Bankrate: How was your quality of life?
Braddock: I rented two or three places, but by the time I signed with Tree, with some help from my folks, my bride and I bought a pretty nice little house. In fact, when "D-I-V-O-R-C-E" came along about two years after that, I went totally hillbilly and built my own swimming pool.
Bankrate: How did you come to write that Tammy Wynette classic?

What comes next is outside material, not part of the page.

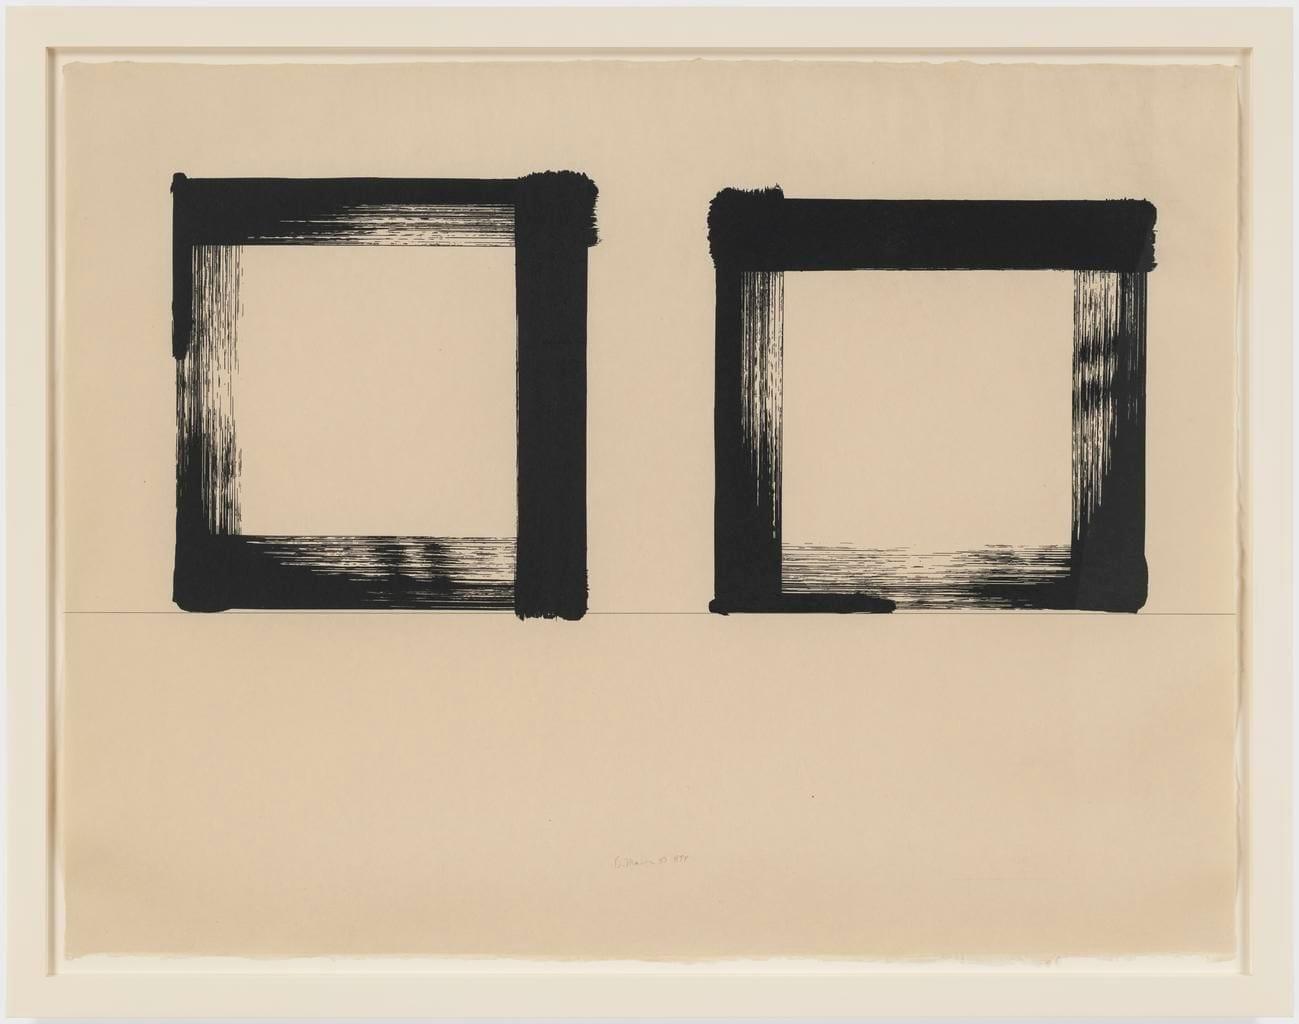 Untitled 1983 Medium: Screenprint on Japanese handmade paper

Braddock: I had written a song called "I-L-O-V-E-Y-O-U, Do I Have to Spell It Out for You?" That spawned "D-I-V-O-R-C-E." I went in to do a demo of it with a band to pitch it to the artists and record labels, and nobody would cut the song. I asked Curly Putman why nobody would cut it and he said, "In just certain spots, the melody is too happy for such a sad song." I said, what would you do? He picked up a guitar and he changed basically around the title line, it wasn't that much but it just made all the difference in the world. And I said well, you need to take half the song, and he said no, so we compromised and he took a fourth of it. He played it for Billy Sherrill and in just a week or two he cut it with Tammy. That was it. Looking back on it, it was a pretty corny song, but they cut a great record on it.

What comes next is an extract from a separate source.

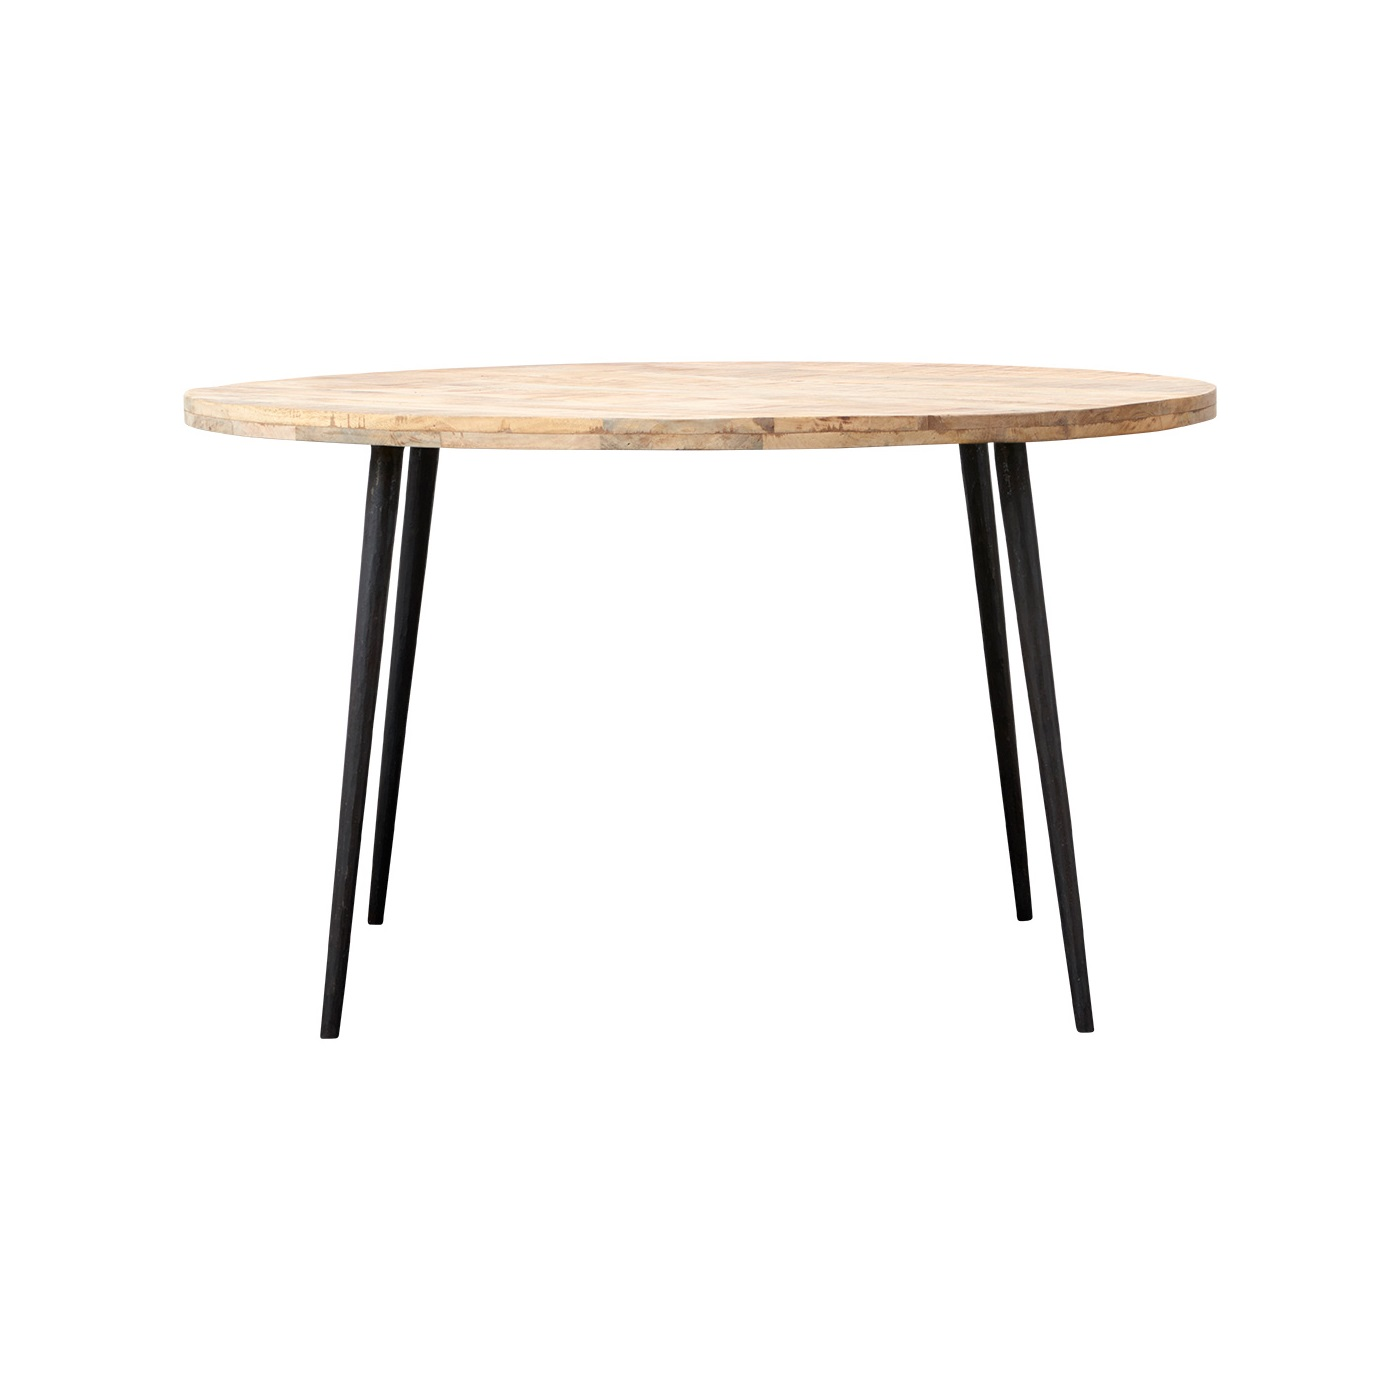 Runt matbord CLUBE Ø 130 cm ljus, House Doctor

Bankrate: Did your life change after having a No. 1 hit?
Braddock:
Yeah, it did. If I was earning $10,000 a year,
we would live on $15,000. If I was earning $20,000
a year, we were living on $30,000 to 35,000 a
year. Over the years, I just got deeply, deeply,
deeply in debt. It was just awful. I can't blame
it on my wife because I let it happen. It was
the classic mismatch marriage of all time, with
one exception: We got a wonderful daughter out
of it. I wouldn't change a thing.
Bankrate: Were you just not tracking on your bills?
Braddock: Yeah. She had come from not much money and she was just spending through the roof and I let her do it. Fortunately, I had a successful songwriting career and when it came time to sign a contract, instead of trying to get part of the publishing for my songs, I was so needy that when it came re-sign time, I always wanted money up front and I just continued to get much, much deeper in debt.

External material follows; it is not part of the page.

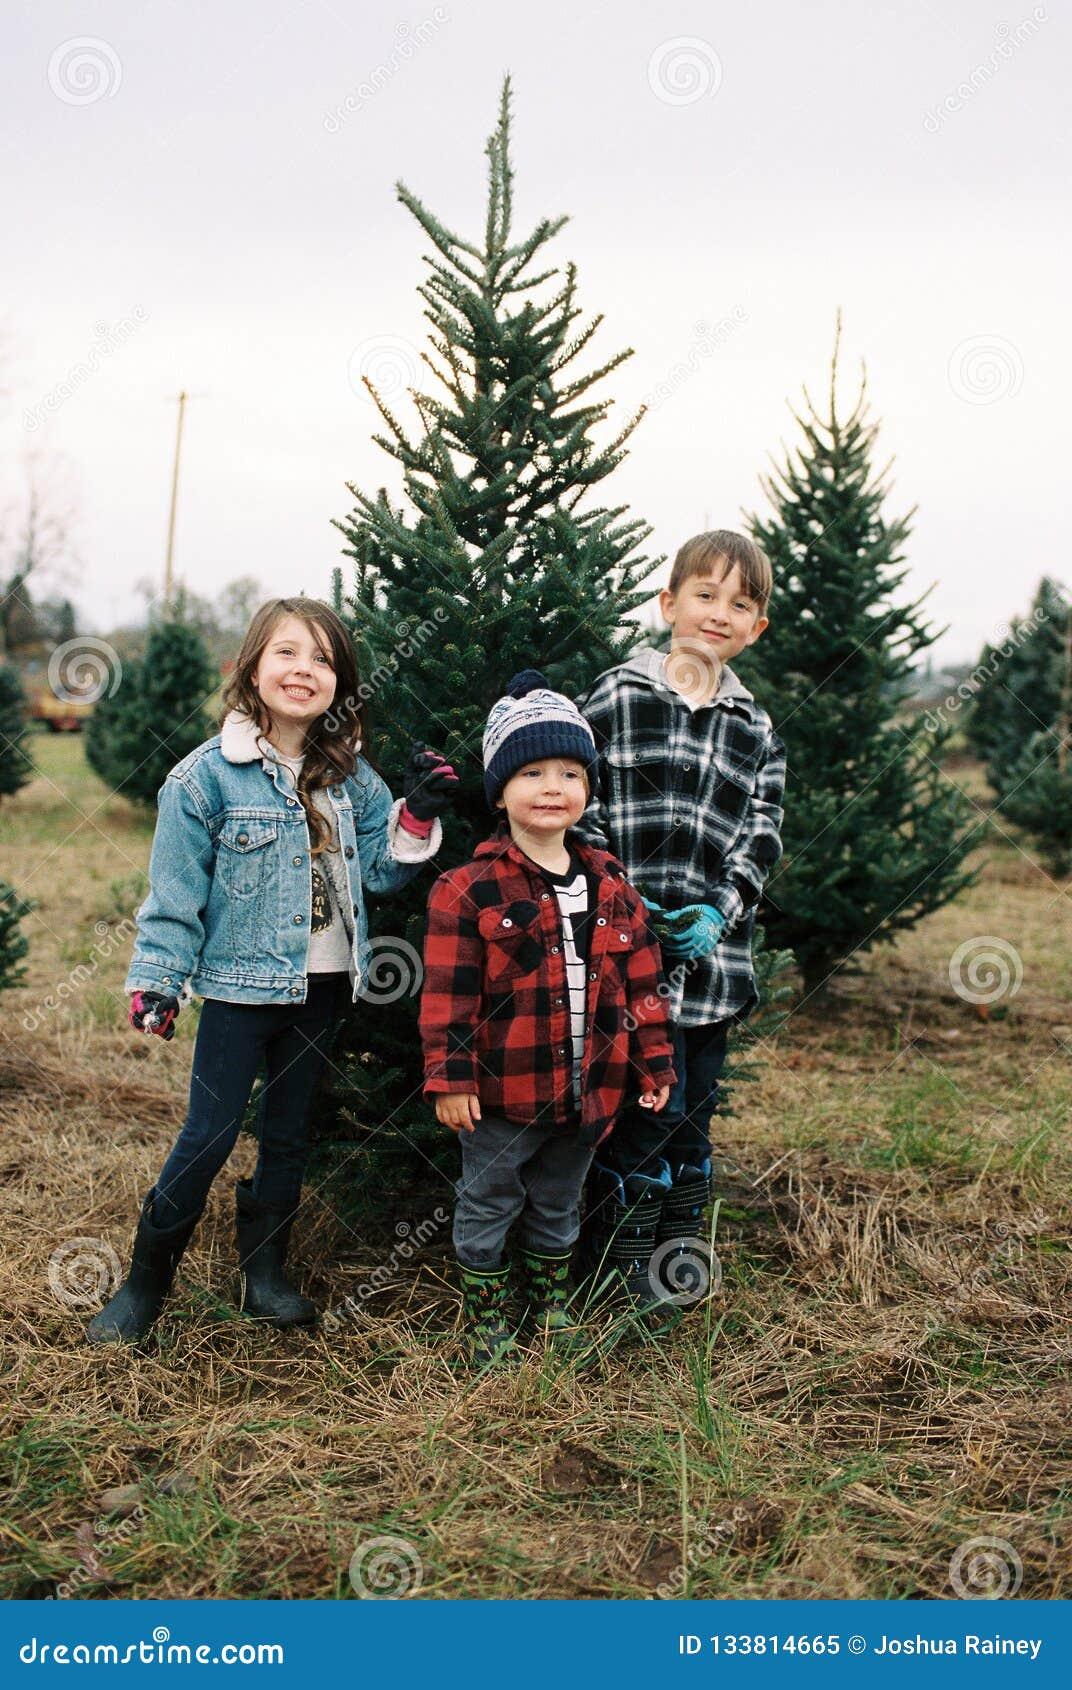 Christmas Tree Farm Film Scans With Oregon Kid Stock Image Image Of Happy Lifestyle 133814665

Bankrate: What did you think would happen?
Braddock:
I hoped it would go away, having an economics
IQ of about 50 [laughs]. After that marriage,
I remarried, and I had learned a lot of lessons
and I was just trying to climb out. My second
wife was fine; she wasn't spending all the money.
I eventually just got very deeply in debt and
ended up owing the IRS a lot of money. I actually
never got out of debt until the late 1990s. I'm
in decent shape now, and have been investing my
money. I'm doing OK. I'm doing now like I should
have been doing when I was 30 or 35.